Designed by the Malakhit Marine Engineering Bureau and built by Sevmash, the Yasen-class submarines are intended to replace the aging Akula-class and Oscar-class submarines in the Russian Navy’s fleet.


The Yasen-class submarine has a displacement of 8,600 tons when surfaced and 13,800 tons when submerged. It measures 120 meters in length and has a beam of 15 meters. The submarine is powered by a single KPM type pressurized water reactor, which provides it with a top speed of 20 knots on the surface and 28 knots submerged. 

The Yasen-class has a maximum diving depth of 600 meters and a crew complement of 90.


Russia’s Project 885 Yasen-class submarine is equipped with a variety of advanced weapons systems meant for challenging the NATO alliance at sea. These include 24 vertical launch tubes for various cruise missiles, such as the P-800 Oniks, which has a range of about 300 kilometers. The submarine also has eight 650-mm torpedo tubes for torpedoes and anti-ship missiles. 

Additionally, the Yasen-class is fitted with the Russian equivalent of the US Navy’s Tomahawk cruise missile, known as the Granat, which has a firing range of up to 3,000 kilometers and can carry a nuclear warhead. 

This sub can pack quite a wallop.

Some Drawbacks for Yasen-Class

As with all manmade systems, notably in the modern age, its designers clearly believed that complexity kills the enemy. But, as Western weapons systems in the modern age have shown us ad nauseum, complexity can just as easily kill the military embracing the new system as much as it can kill the enemy. 

Let us not forget the fact that Russia’s Navy has been one of the hardest hit elements of the Russian military since the Ukraine War began. 

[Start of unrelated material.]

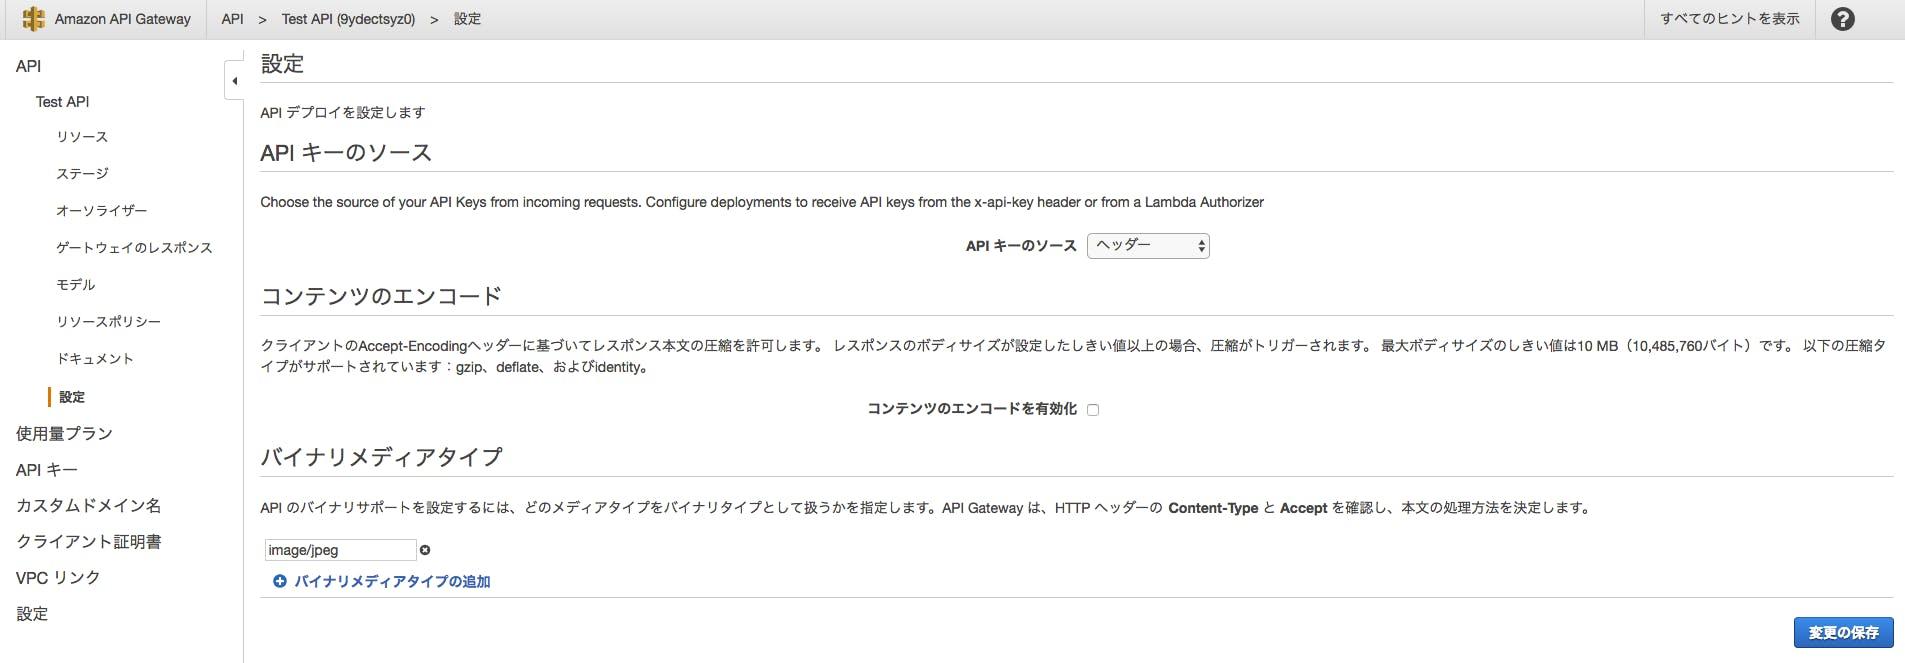 Api Gateway Request Authorizer

That is ironic, considering that the bulk of the fighting in Ukraine is being done on the ground and in the air above the country. The maritime domain is ancillary. Yet, that is where the Ukrainians have scored some major hits against Russia. In that way, then, the Yasen-class submarines, which are designed to operate near enemy shores and launch strikes against targets using its cruise missiles, might just itself become a tempting target for Russia’s enemies. 

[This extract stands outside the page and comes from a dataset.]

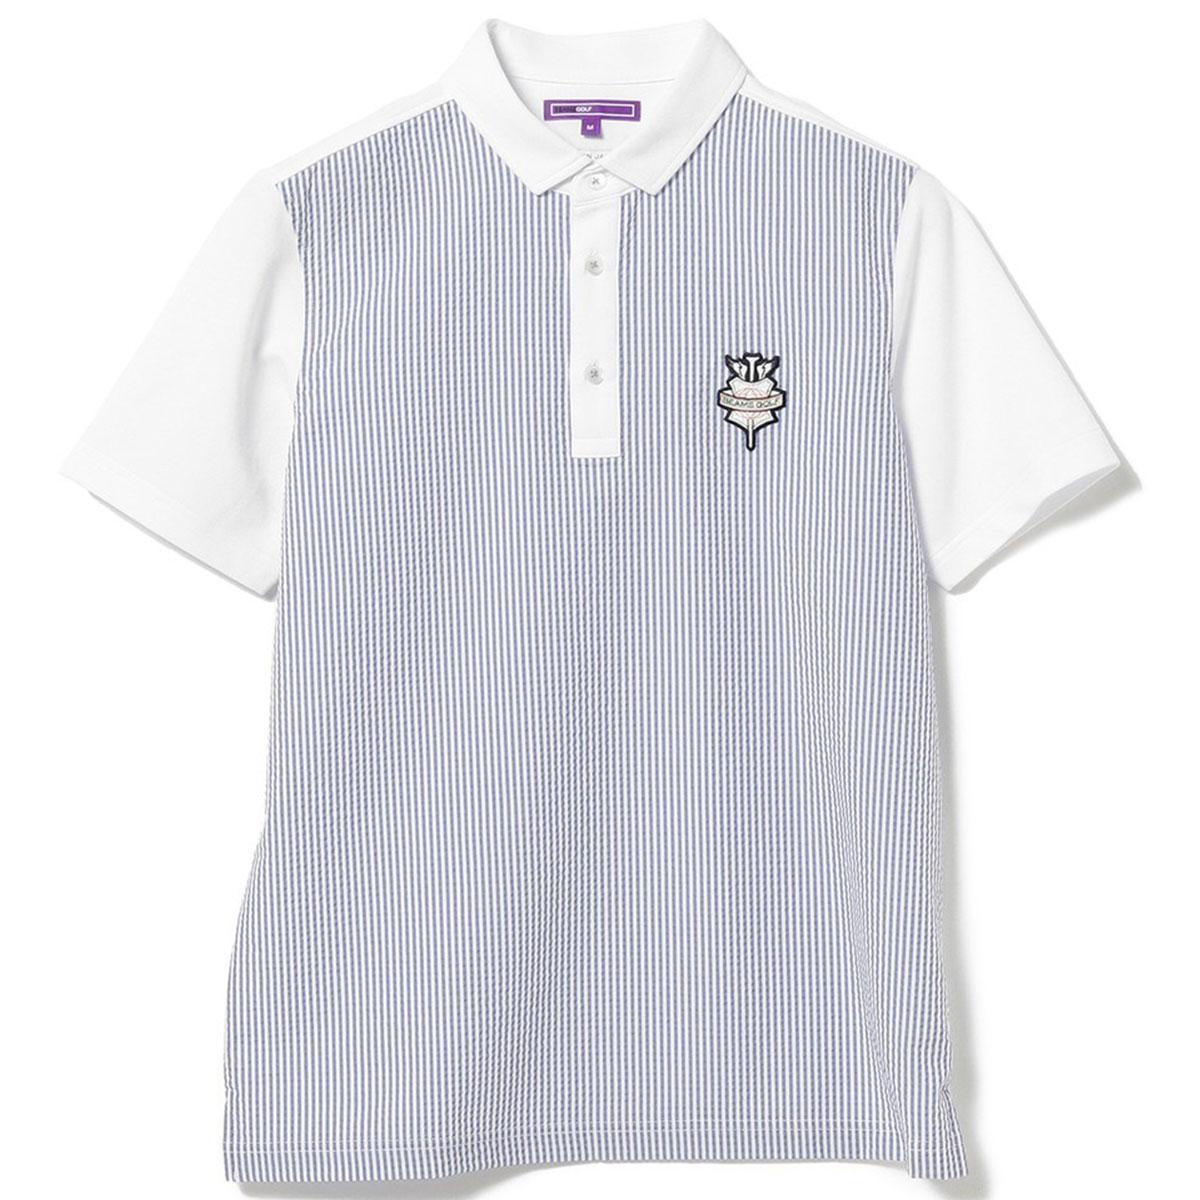 BEAMS GOLF PURPLE LABEL サッカーストライプ クレリック ポロシャツ

Whereas before the 21st century, the Russians usually preferred a “good enough” model of weapons systems and vehicle designs—meaning the simpler, the better—ever since the 2000s came about, and Russia started to recover from its post-Soviet doldrums of the 1990s, Russian designers have started mirroring the mistaken ways of their Western rivals. 

We see this dangerous pattern (for Russia, although it is fortuitous for Russia’s enemies), play out repeatedly throughout the Russian military today. For example, I’ve written extensively on the relative simplicity of the older T-72 Main Battle Tank (MBT) and its incredible successes in combat against the NATO-backed Ukrainians compared to the abject failures of more complex Russian MBTs, such as the T-90M or the much-ballyhooed T-14 Armata. 

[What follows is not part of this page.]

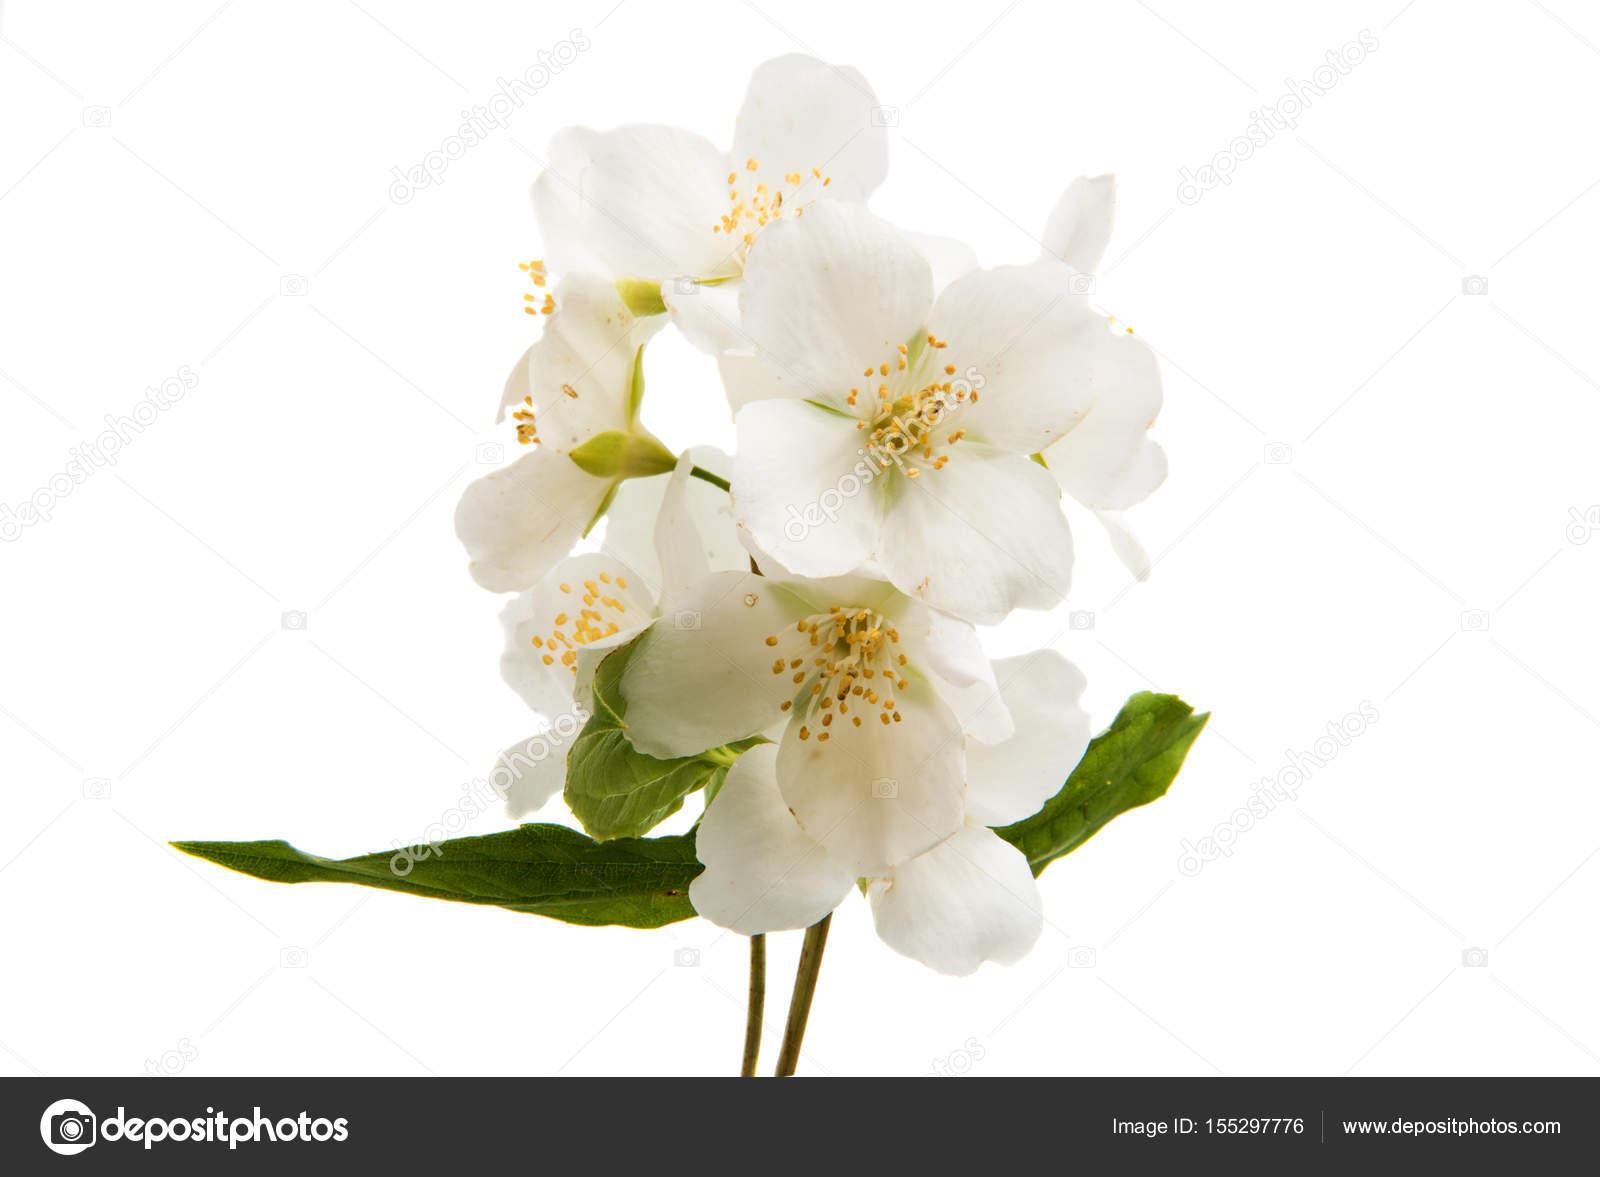 Bouquet jasmine flower stock photo ksena32 155297776 bouquet jasmine flower stock photo izmirmasajfo

Similarly, the Yasen-class submarine has significant drawbacks compared to either the Akula-class or Oscar-class it is meant to replace. 

First of all, it is more expensive than those systems (meaning that the Russians will be unable to produce as many units of this type as it can the others, especially the Akula-class). The Project 885 Yasen submarine’s large size and complexity make it more difficult to operate, too, and costlier to maintain than older subs that are smaller and less advanced. 

Plus, the Yasen-class submarine is a relatively new system, and there is likely going to be unforeseen issues that arise over the course of its service to the Russian Navy. So, the Yasen-class certainly continues the Russian tradition of building powerful and threatening submarines to challenge the dominance of the Western navies. At the same time, though, it is a new class of submarine that could bring with it unwanted complications along with its increased complexity and higher cost.

Threats to the US Navy and NATO

This new submarine class poses a significant threat to the US Navy and NATO navies due to its advanced capabilities and firepower. The submarine’s ability to launch a wide array of cruise missiles and torpedoes makes it a formidable opponent in both anti-ship and land-attack missions. 

The Yasen-class’s advanced sonar and stealth technology make it difficult to detect and track, giving it a significant advantage in undersea warfare.

An Exportable Model?

Russia is known as the arms bazaar of the world. Russian weapons, such as the T-72 MBT, or the AK-47, or the Kilo-class submarine are all ubiquitous around the world—notably throughout the Developing World (the Global South, where Russia sells most of its weapon wares). In fact, these weapons sales have sustained the Russian economy for decades, notably in the wake of the collapse of the Soviet Union.

As my late friend (and former Soviet defector to the United States), Yuri Maltsev loved pointing out, “the number one industry in Russia today is the arms industry whereas the number one industry in the United States is the healthcare industry” (Yuri used this figure as a means of saluting the greatness of America, his adopted homeland, over his native land of Russia). 

And as the global economy becomes increasingly divided over political differences, as Russia needs to continue moving its economy along in the face of tough Western sanctions, the Russians might start looking to export this very dangerous—though costly—system to its allies. 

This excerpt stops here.